The chief justice has expressed concern over the delay in completing the Orange Line Metro Train project. He observed that the people had suffered enough “due to the construction work and the court could not see them in agony anymore”.

By stating that “this project should now be completed in hours, instead of days”, the CJP communicated his urgency about completing it and asked the authorities to get moving on the project. Unfortunately, this project had faced many impediments created by its critics, including the usual armchair environmentalists.

Environmentalists had also opposed the decision to add a lane each to Lahore’s Canal Bank Road, but the previous provincial government went ahead with widening the road on both sides. Now, if you notice the intensity of traffic on these roads, you may wonder: what if the additional lanes had not been added? When 20,000 vehicles are added to the city every month, the roads seem to fall short of capacity. The traffic jams on the roads are frequent, for which traffic wardens are solely responsible. They stand on the road crossings as spectators.

However, commuters should now invite the CJP’s attention to the 10.7 kilometre-long Hudiara Drain Project, starting from Niaz Baig Thokar to Hudiara Drain, on the busy Multan Road that has been left unattended for many months. The few kilometres of short distance serves as entry and exit points to and from the provincial metropolis.

Most treacherous to negotiate is the distance of 1.5 kilometres – the NLC U-turn to the Saidpur U-turn, where 40 feet long passenger buses and trailers traverse back and forth. The result: traffic remains blocked, causing inordinate delays to passengers packed in buses. The traffic situation on this crossing is so chaotic that the motorway traffic sergeant usually stands on the side, looking helpless.

It is distressing to watch poor passengers, including women and children, who cannot afford to travel in air-conditioned buses, peeping out of the windows helplessly. One feels guilty travelling in an air-conditioned car when so many people brave the sweltering heat. Don’t hundreds of thousands of such passengers travelling to and from the provincial capital deserve to feel the change of New Pakistan? These people travel less for pleasure and more as a compulsion to seek employment.

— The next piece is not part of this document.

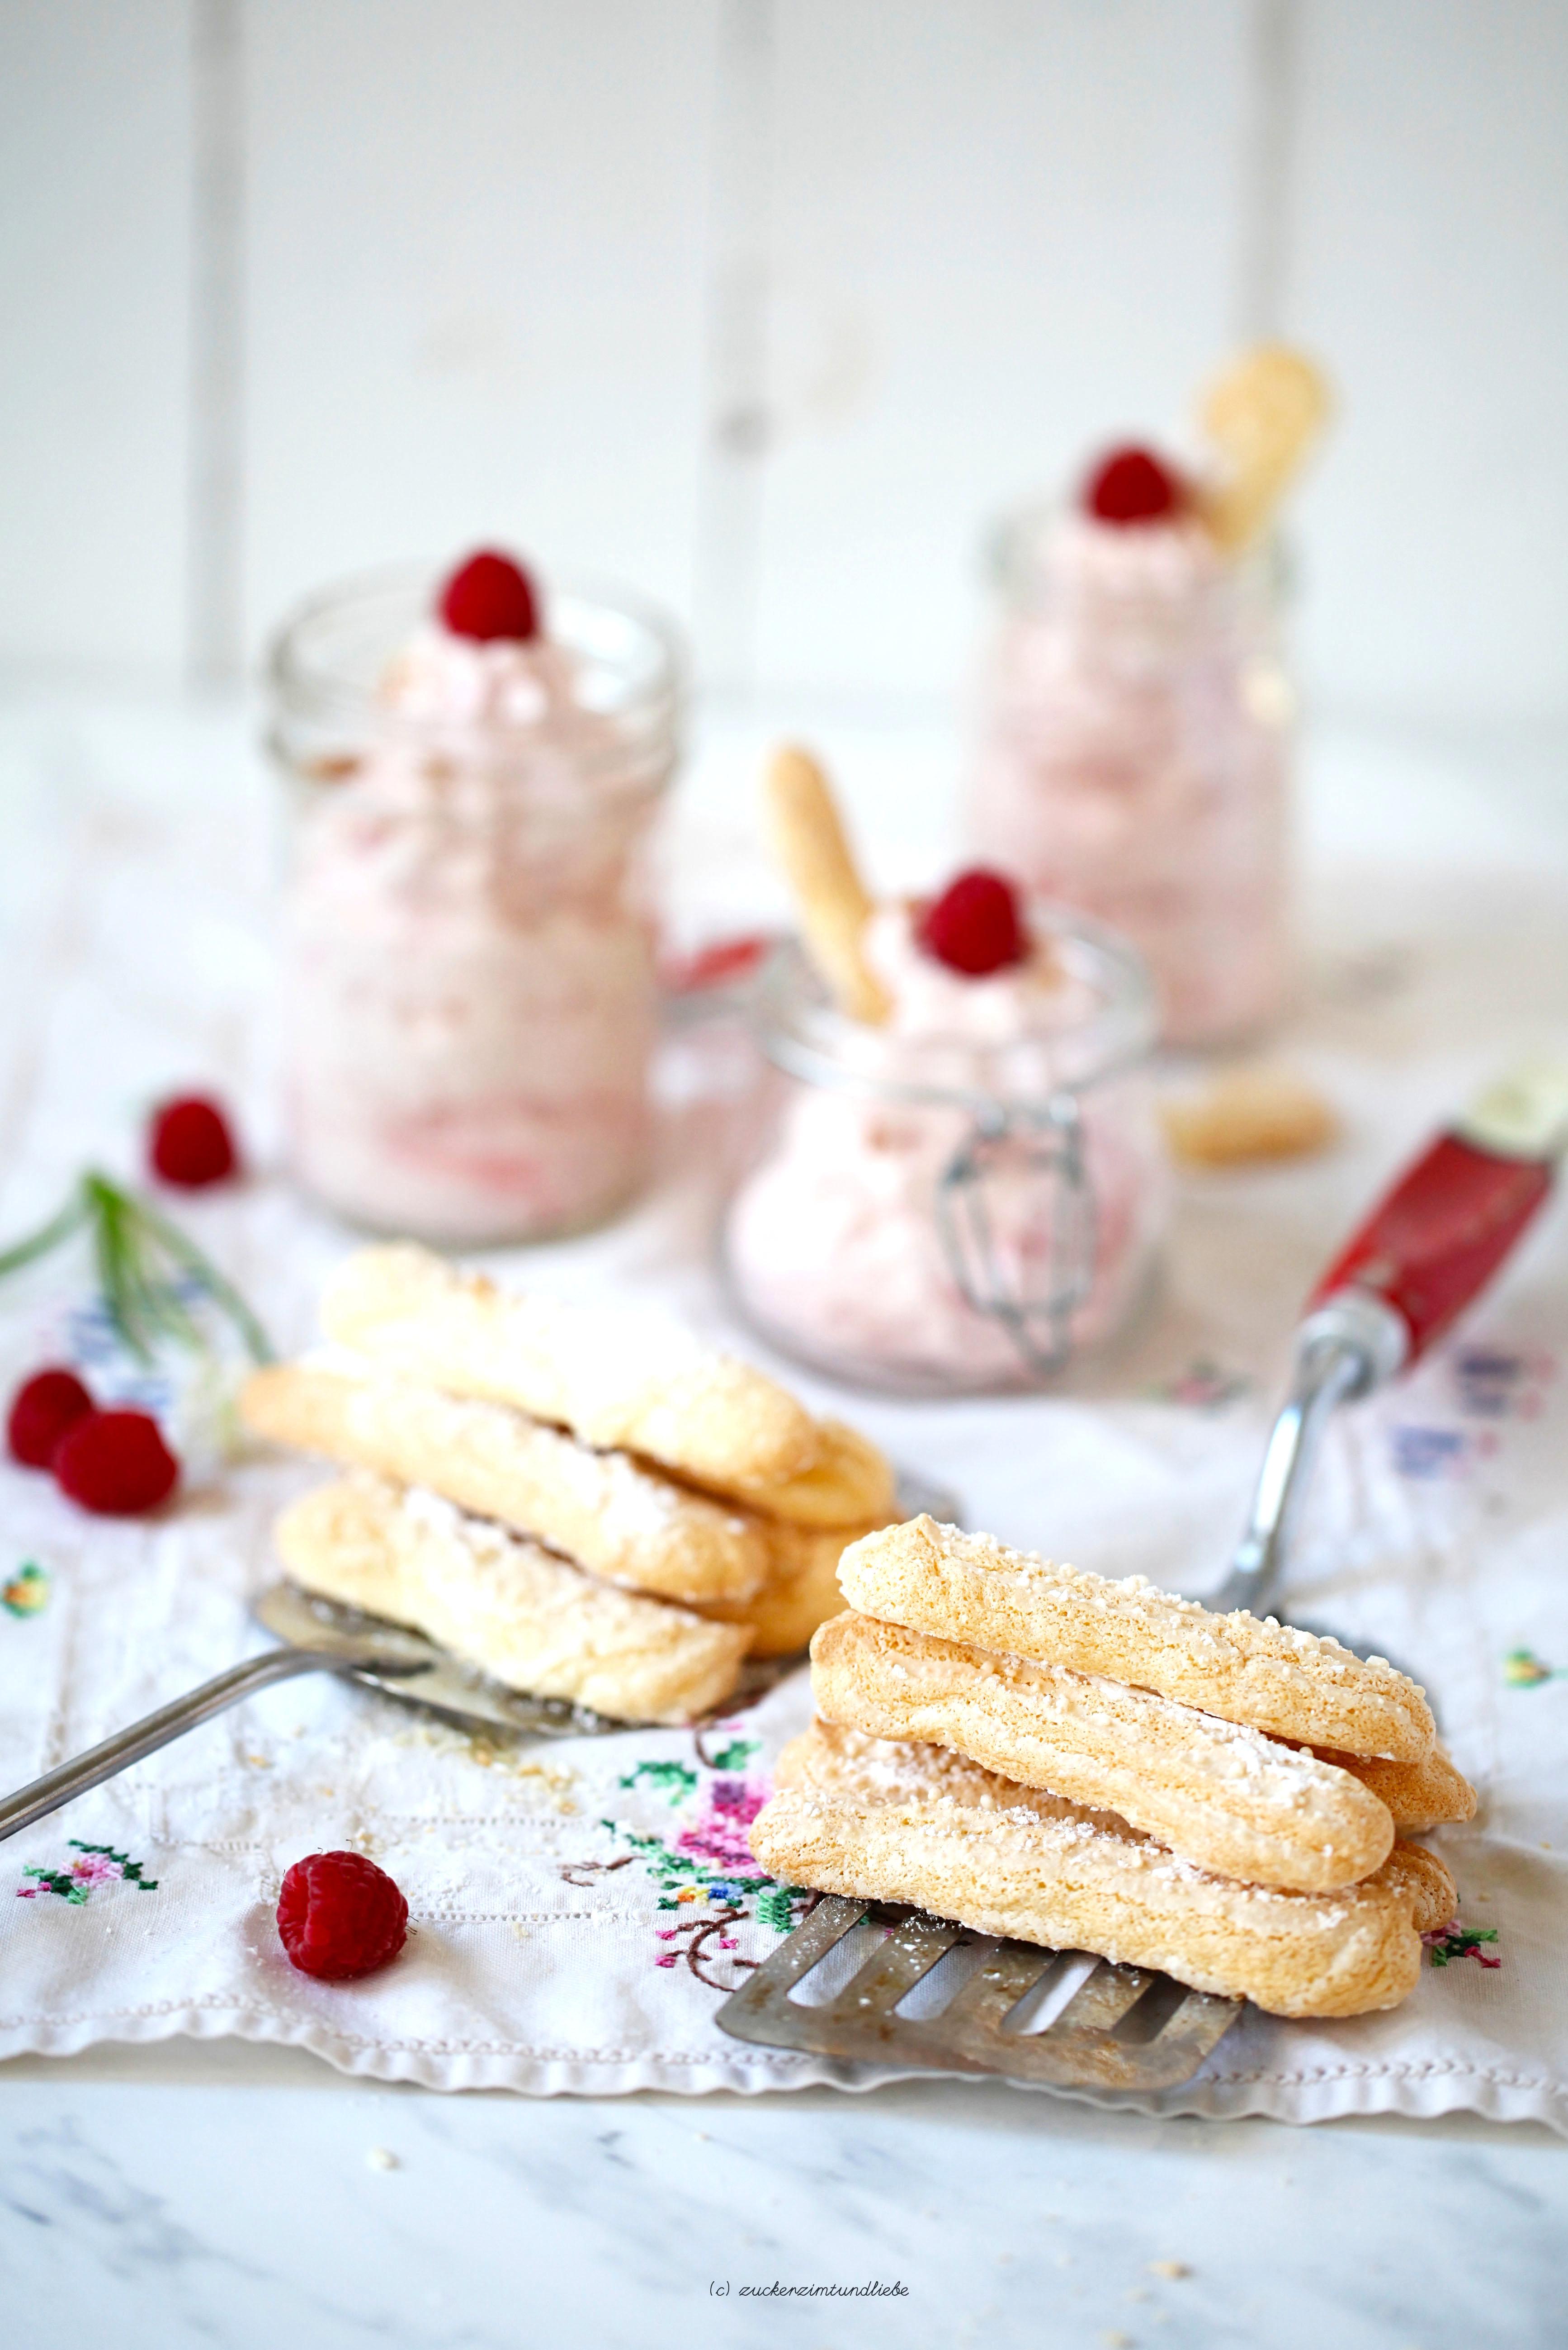 Cheesecake Dessert mit Himbeeren und Rezept für Löffelbiskuits Ich backs mir zuckerzimtundliebe foodblog13a

Believably, the NHA now intends to reduce the number of lanes from the original design of four lanes each way to three lanes each way. Such gimmicks to cut corners might help reduce the traffic pressure for the time being. But they won’t be as effective a few years down the line when the population continues to grow exponentially and vehicles of all varieties are added to the roads. Four lanes each way would greatly facilitate heavy traffic that enters and leaves the provincial capital.

It is commonly observed that if one political party in power initiates a mega project, the next party that assumes power isn’t interested in it, finds faults with it, or shelves it altogether. As a result, the sufferers are the hordes of people whose daily preoccupation is to earn their livelihood to stay alive. Were the 10.7 kilometre-long road, along which several industries are situated, used for the VVIP movement, this road would have been converted to eight lanes long ago.

The CJP is requested to order the NHA to complete the project according to the original expansion plan of Multan Road without any further delay. In fact, hundreds of thousands of rupees have already been paid to the contractor as mobilisation advance.

The CJP clearly ordered that “all projects whose advance payments had been made to contractors must not be held up”. Leaving projects, especially road expansion projects that are meant for public travel, halfway create more problems for the people. Presently, the 10.7 km stretch of Multan Road presents an unsavoury sight, with half-built rainwater drains, and heaps of crushed stones and debris lying along the roadside.

The writer is a freelance columnist based in Lahore.